Минувшей зимой известный телеведущий Андрей Максимов все допытывался у Ю. К. — для кого, собственно, эта книга сделана, и получил ответ: для себя, дабы “перерезать канаты”. Ведь и не было такого собрания у него никогда, не “избранного”, заметим, не “тематического”… Просто — полного. Вот, пришло время.
А хронология придала этой книге самый любимый Кублановским вид бытования — путешествие.
Только в данном случае — это путешествие читателя по одной отдельно взятой жизни, в которой пылкий вчерашний подросток, вставший на путь узнавания себя и отечества, где ему то счастливо, то горестно обретается, — внезапно оказывается там, куда еще недавно провожали как на тот свет, — в Европе. Теперь он смотрит оттуда, продолжая живописать то, за что цепляется вдохновенный глаз, сопрягаясь с новым опытом и отзывчивой книжной памятью.

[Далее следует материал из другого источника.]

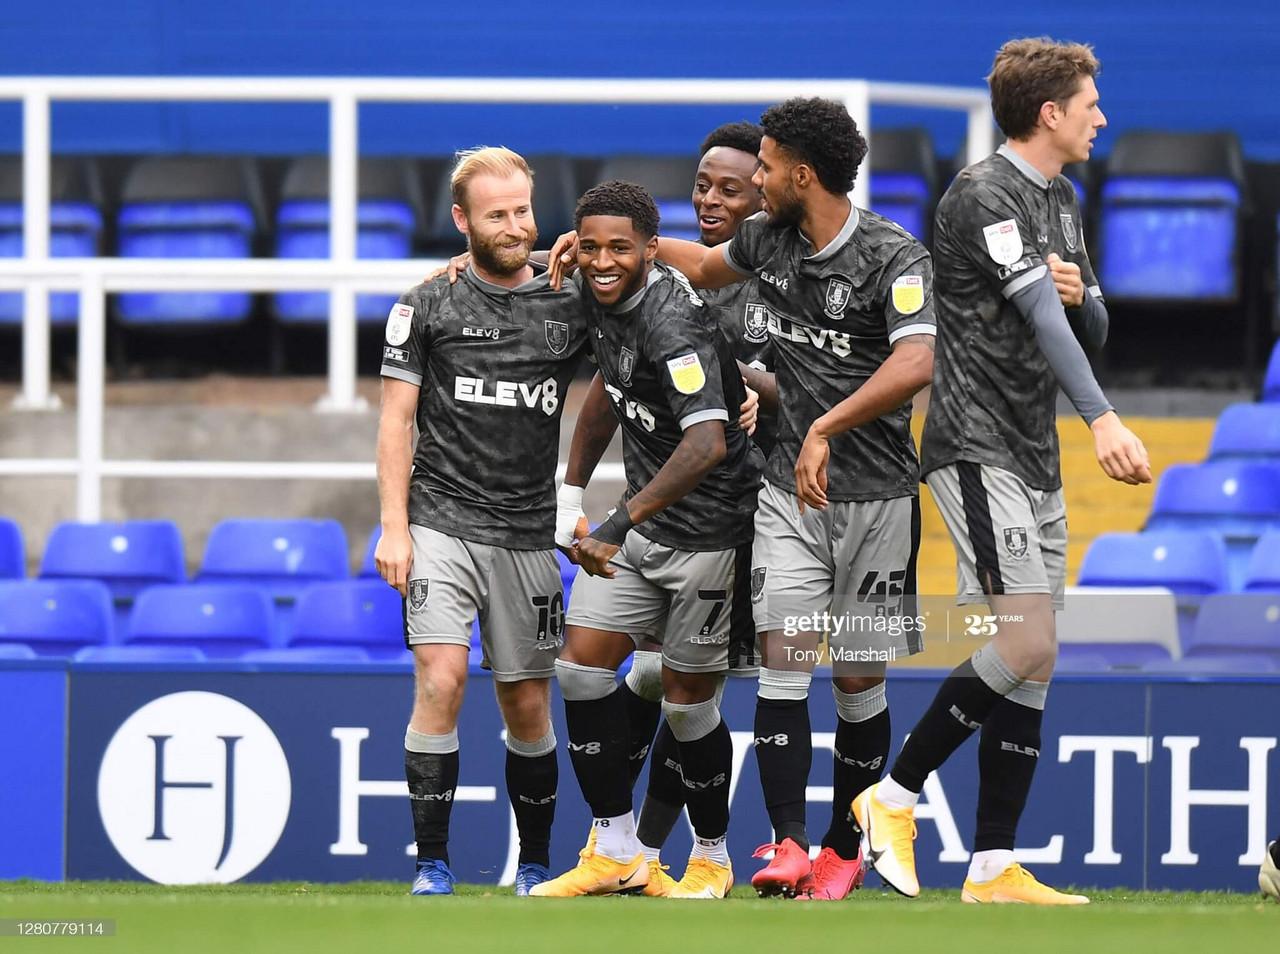 As it happened: Sheffield Wednesday 1-2 Brentford
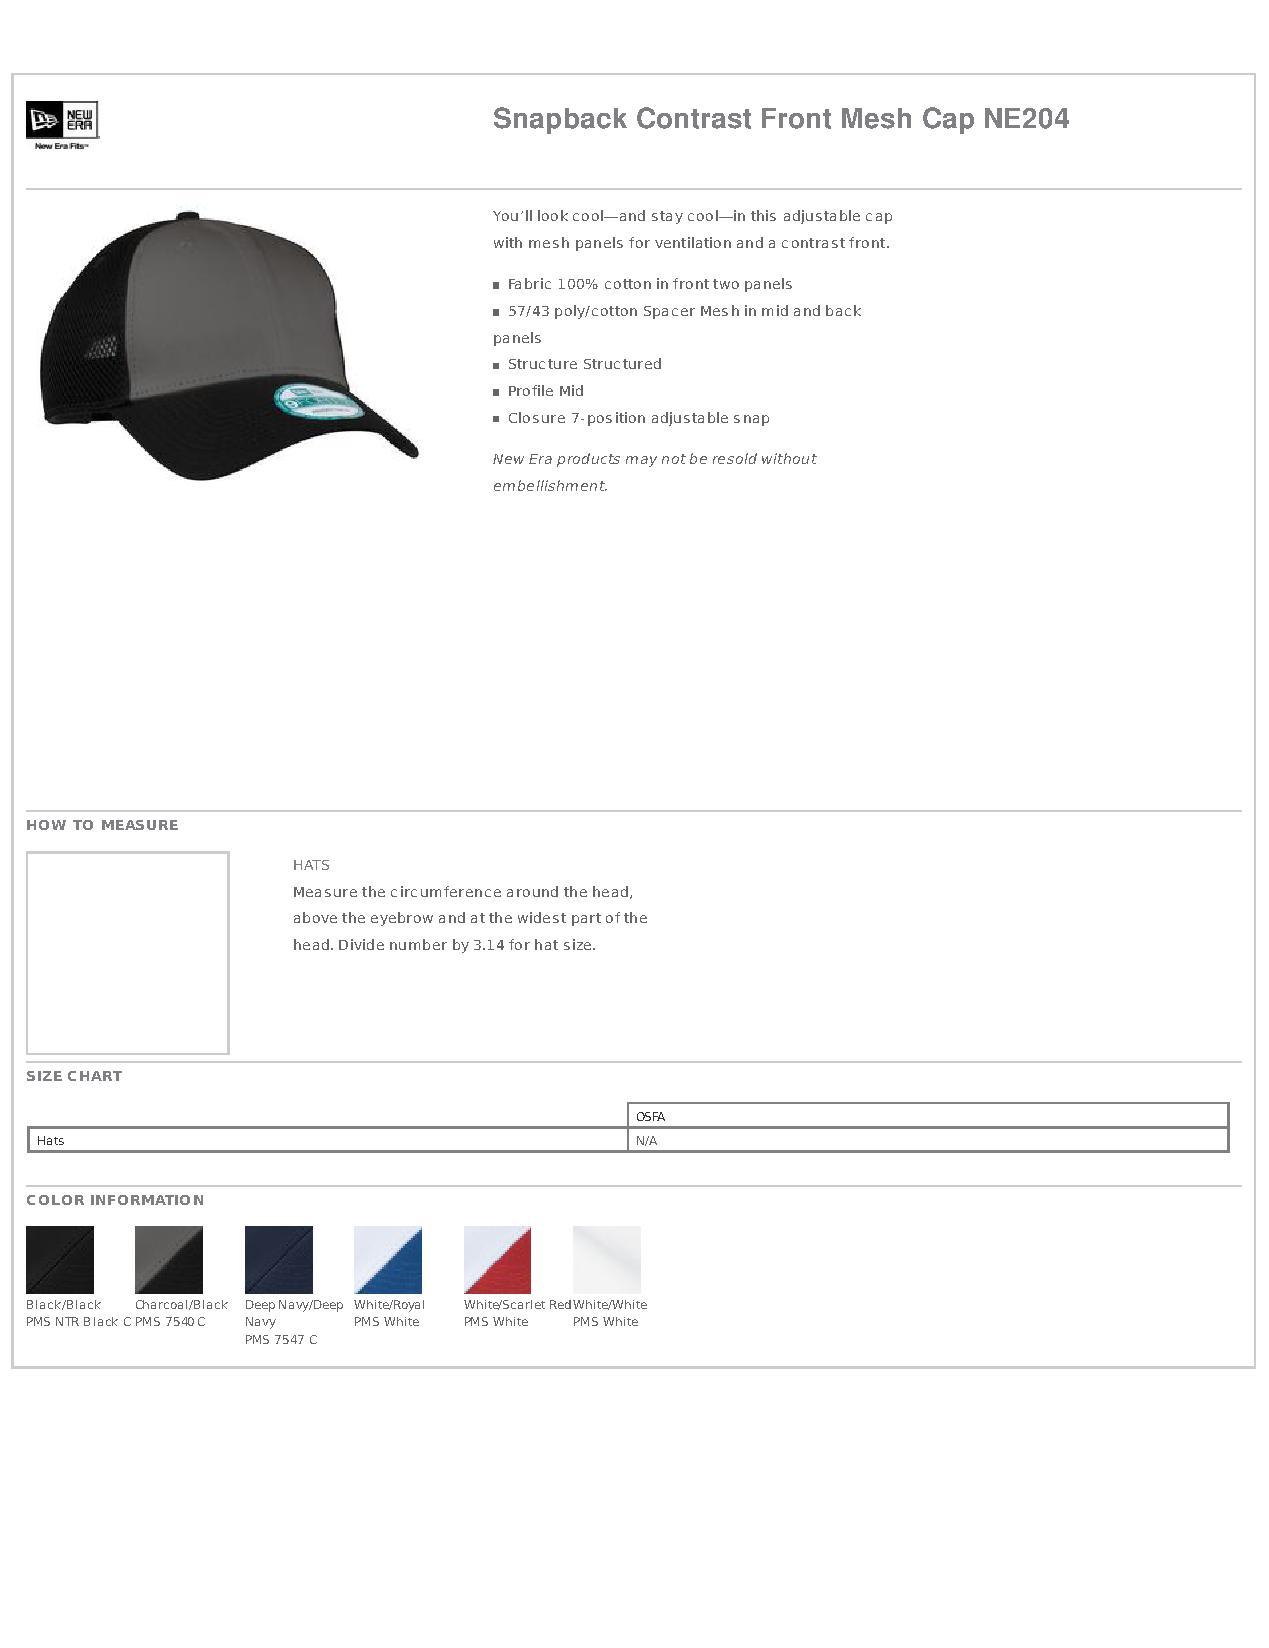 0ff53b37a New Era® NE204 Snapback Contrast Front Mesh Cap - Headwear

И так же почти внезапно, через восемь долгих-коротких лет, он возвращается, еще не зная, например, что пройдет некоторое время — и потянется вдруг томящее припоминание, и “ровные всплески лагуны впотьмах” воспрянут, чтобы вырвалось неожиданное: “Жизнь начинать надо с конца, / видеть ее спиной. / Площади брус тоже мерцал / гулкой, единственной”.
А дружеская рука Ивана Бунина словно сама положит — справа — эпиграф: “Восемь лет в Венеции я не был…”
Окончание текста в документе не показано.